While Lab scientists have positive indications from their early access systems, de Supinski said until Sierra is on the floor and running stockpile stewardship program applications, which could take up to two years, they won’t be certain how powerful the machine will be or how well it will work for them.
Sierra will feature two IBM Power 9 processors and 4 NVIDIA Volta GPUs per node. The Power 9s will provide a large amount of memory bandwidth from the chips to Sierra’s DDR4 main memory, and the Lab’s workload will benefit from the use of second-generation NVLINK, forming a high-speed connection between the CPUs and GPUs, de Supinski said.
As Livermore’s first extreme-scale CPU/GPU system, Sierra has presented challenges to Lab computer scientists in porting codes, identifying what data to make available on GPUs and moving data between the GPUs and CPUs to optimize the machine’s capability. Through the Sierra Center of Excellence, Livermore Lab code developers and computer scientists have been collaborating with on-site IBM and NVIDIA employees to port applications.

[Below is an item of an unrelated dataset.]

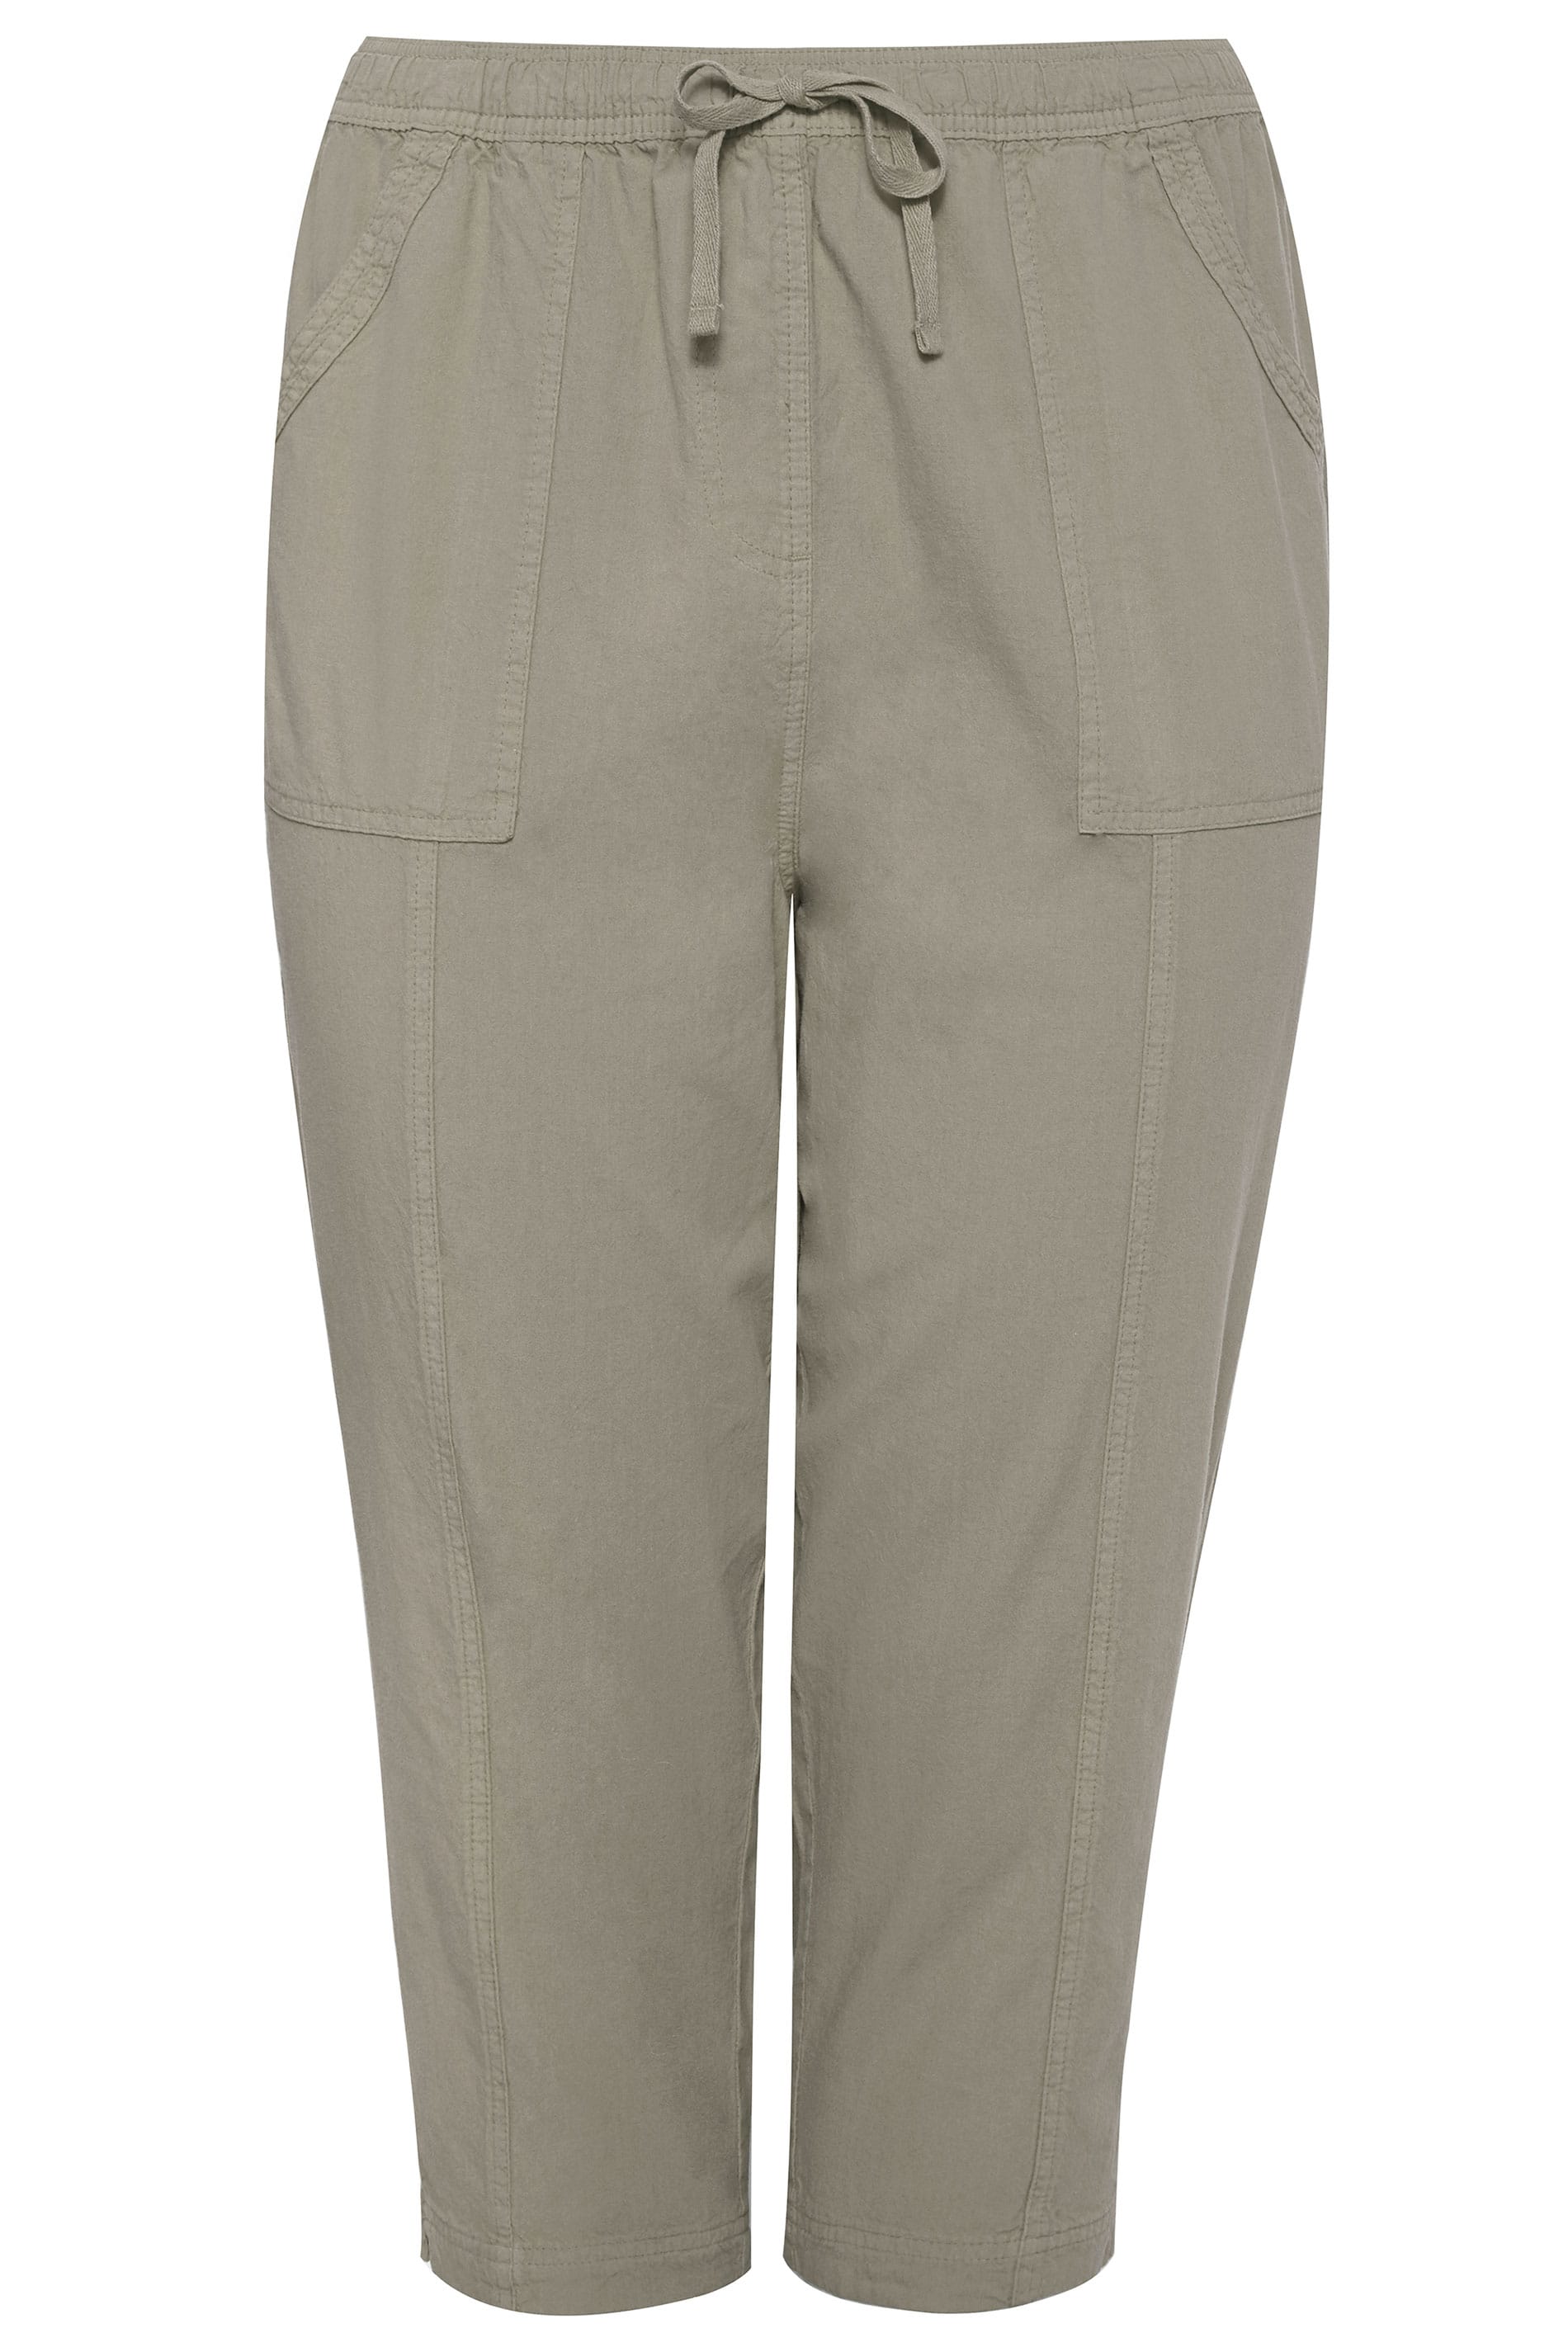 Sage Green Cool Cotton Cropped Trousers | Plus Sizes 16 to 36 | Yours ...

The LLNL team also is working closely with IBM to install the system at the same time IBM and Oak Ridge National Laboratory are installing the Summit system there.
“It’s been really good for us to be working closely with all of our partners, and we find the relationship with Oak Ridge National Laboratory getting a system at the same time is helping us understand issues as they arise and solve them quickly,” de Supinski said. “It’s really been a real group effort to site this system and meet the aggressive schedule we’ve had in place from the beginning.”